— Опростоволосился! — со злобой проворчал боярин. — Опростоволосился как дурак! И как не догадался?! С ними бы там же нужно было покончить, а теперь, поди, пойдут разговоры; все холопы диву дадутся моей щедрости и милости; пойдут расспросы, какой-нибудь и проболтнется! Экая дурь напала на меня! — чуть не крикнул он, стукнув кулаком об стол. — Что же теперь делать-то, что делать? — растерянно повторял он. — Ума не приложишь. Нешто удавить её, змею подколодную, да с камнем на шее в Волхов спустить, пускай пропадает там! Один только ничего не поделаешь! С теми порешить? Сам не смогу, а поручить кому другому, тоже не сподручно! А впрочем, что ж, ведь я в их животе и смерти волен. Кто они? Закабалённые, беглые! Кому ж я ответ за них давать буду? Порешить их, и конец. Только ушли ли со двора? Справиться самому негоже, пусть тиун придёт — да скажет, что пропали они, так-то будет ладнее! — успокоился Всеволожский.
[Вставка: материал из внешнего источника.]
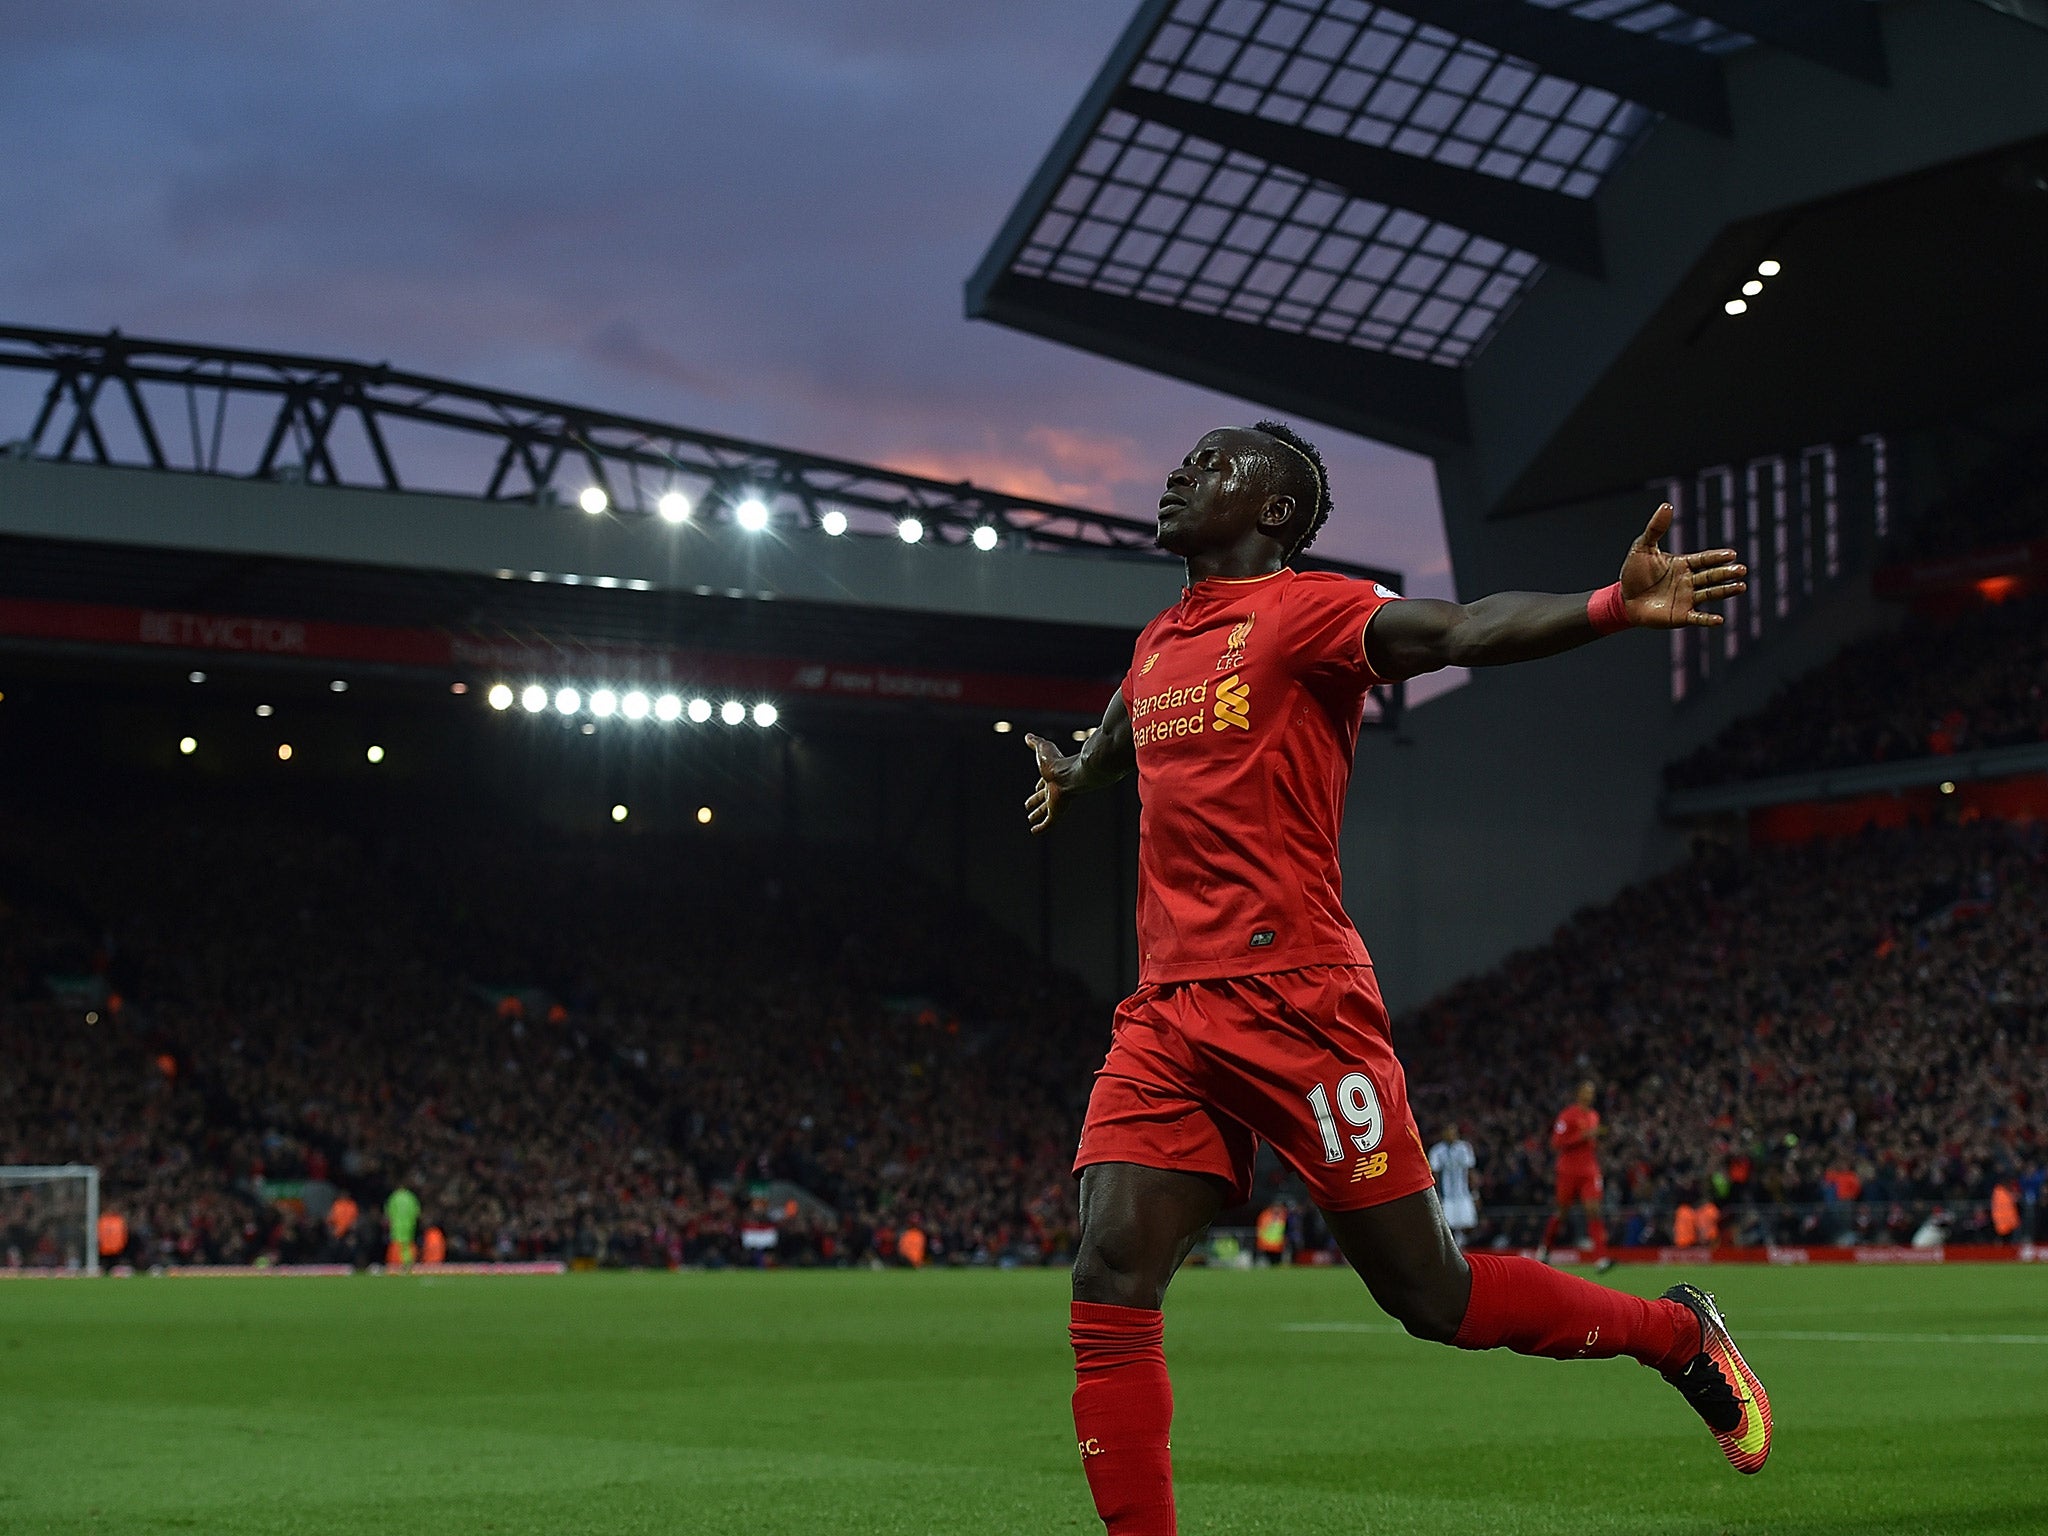 Sadio Mane got Liverpool off to the perfect start as he put them ahead in the first half

— А с этой? Ну, эта не уйдёт, крепки запоры, крепок и камень; лбом двери да стены не проломить, пускай там издыхает. Одначе поглядеть надо, как-то они работу свою сделали, — проговорил он, вставая с места и направляясь к выходу.
Взяв восковую свечу, он начал спускаться по лестнице; сойдя в коридор подвала, он начал осматривать стены. Замурованная дверь была так искусно заложена, что её нельзя было различить.
— Постарались молодцы, — с усмешкой произнёс Всеволожский, но вдруг вздрогнул и побледнел.
Из-за двери до него донёсся задавленный, заглушённый крик отчаяния.
— Кричит, проклятая! — прошептал Всеволожский. — Кричит; так-то и услышит её кто-нибудь. Сюда-то я никого не пущу, а в саду, пожалуй, слышно, а я сдуру ещё и стекло расшиб. Что за дурь на меня напала ноне! — говорил он в отчаянии, бросаясь опрометью на лестницу. Свеча от быстрого движения погасла; боярин спотыкался; сзади него раздавались крики; оторопь напала на Всеволожского; с трудом добрался он до верха лестницы и только тогда вздохнул спокойнее, когда очутился в покоях.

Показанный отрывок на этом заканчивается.